„Viele Worte für den Begriff Mord“
Zum 50. Todestag des Pioniers der NS- und Holocaust-Forschung.
Vortrag von Nicolas Berg, Leipzig.
Der Beginn der Holocaustforschung in Deutschland war das Werk eines Einzelnen. Lange bevor die westdeutsche Geschichtswissenschaft damit begann, das Thema in den Blick zu nehmen, hat der Historiker und Auschwitzüberlebende Joseph Wulf (1912–1974) eine ganze Serie von Grundlagenwerken und Quellendokumentationen publiziert, die ersten zusammen mit dem Historiker Léon Poliakov. Diese Bücher – wie etwa „Das Dritte Reich und die Juden“ (1955), „Das Dritte Reich und seine Helfer“ (1956) und „Das Dritte Reich und seine Diener“ (1959) – haben so gut wie alle späteren Debatten vorweggenommen, einige um Jahrzehnte. Das gilt für die Frage nach der Rolle von Zivilverwaltung, Auswärtigem Amt, Universitäten und Wehrmacht am Geschehen; es gilt für die methodischen Reflexionen über Singularität und Vergleichbarkeit, Objektivität und Perspektivität, Täter- und Opfergedächtnis; es gilt für die Frage nach der historischen Verwurzelung des Antisemitismus in Deutschland und es gilt auch für das Problem der Belastung der politischen Kultur der Bundesrepublik durch die personellen Kontinuitäten zwischen Diktatur und Demokratie.

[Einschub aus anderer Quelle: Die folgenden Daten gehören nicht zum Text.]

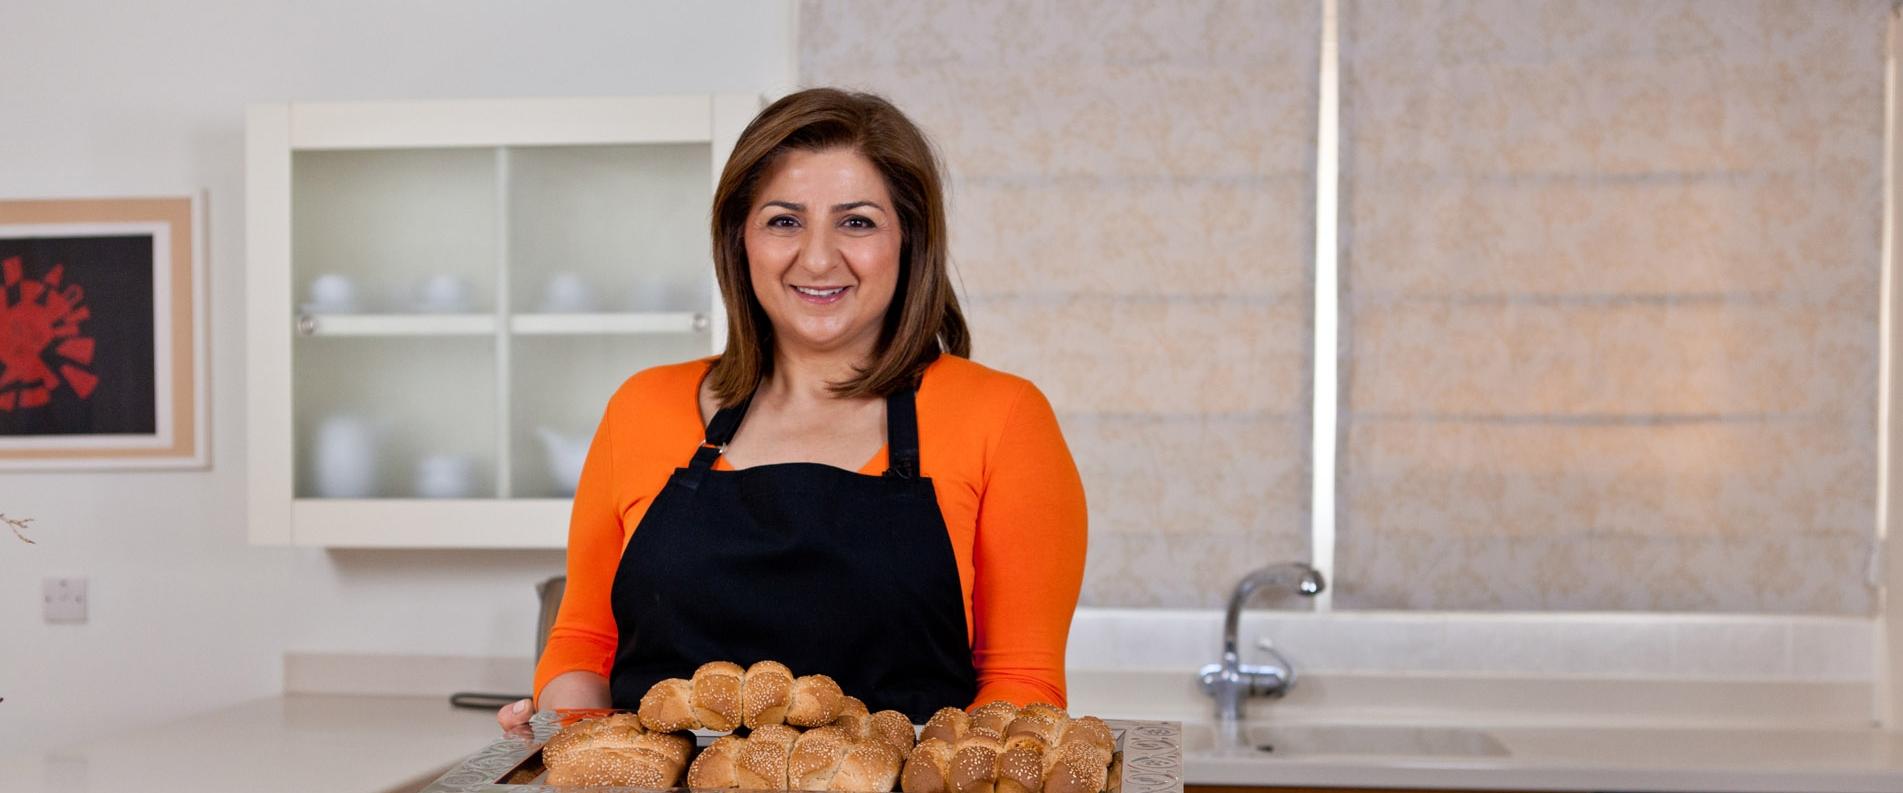 Кипрская кухня с Мариленой: Пасхальный хлеб кулури

Der Vortrag von Dr. Nicolas Berg führt in das Lebenswerk von Joseph Wulf ein; er geht dem Umgang von Wulf mit der Sprache der Täter nach, vor allem mit der Verwaltungsbegrifflichkeit des Mordens („Sonderbehandlung“, „Endlösung“); und er fragt nach den Gründen für die spezifische Form der „Dokumentarhistoriographie“, die Wulf in den 1950er und 1960er Jahren favorisierte.
Dr. Nicolas Berg ist Historiker, Leiter des Forschungsressorts "Wissen" am Leibniz-Institut für jüdische Geschichte und Kultur – Simon Dubnow. Er lehrt und forscht über jüdische Geschichte und Geschichtsschreibung im 19. und 20. Jahrhundert. Zuletzt erschien die von ihm eingeleitete und kommentierte Neuedition der Quellensammlung von Walter Boehlich, die dieser 1965 unter dem Titel „Der Berliner Antisemitismusstreit“ publizierte (Jüdischer Verlag im Suhrkamp Verlag, 2023). In seinem Buch „Der Holocaust und die westdeutschen Historiker – Erforschung und Erinnerung“ (2003) hat er sich erstmals mit Leben und Werk von Joseph Wulf befasst.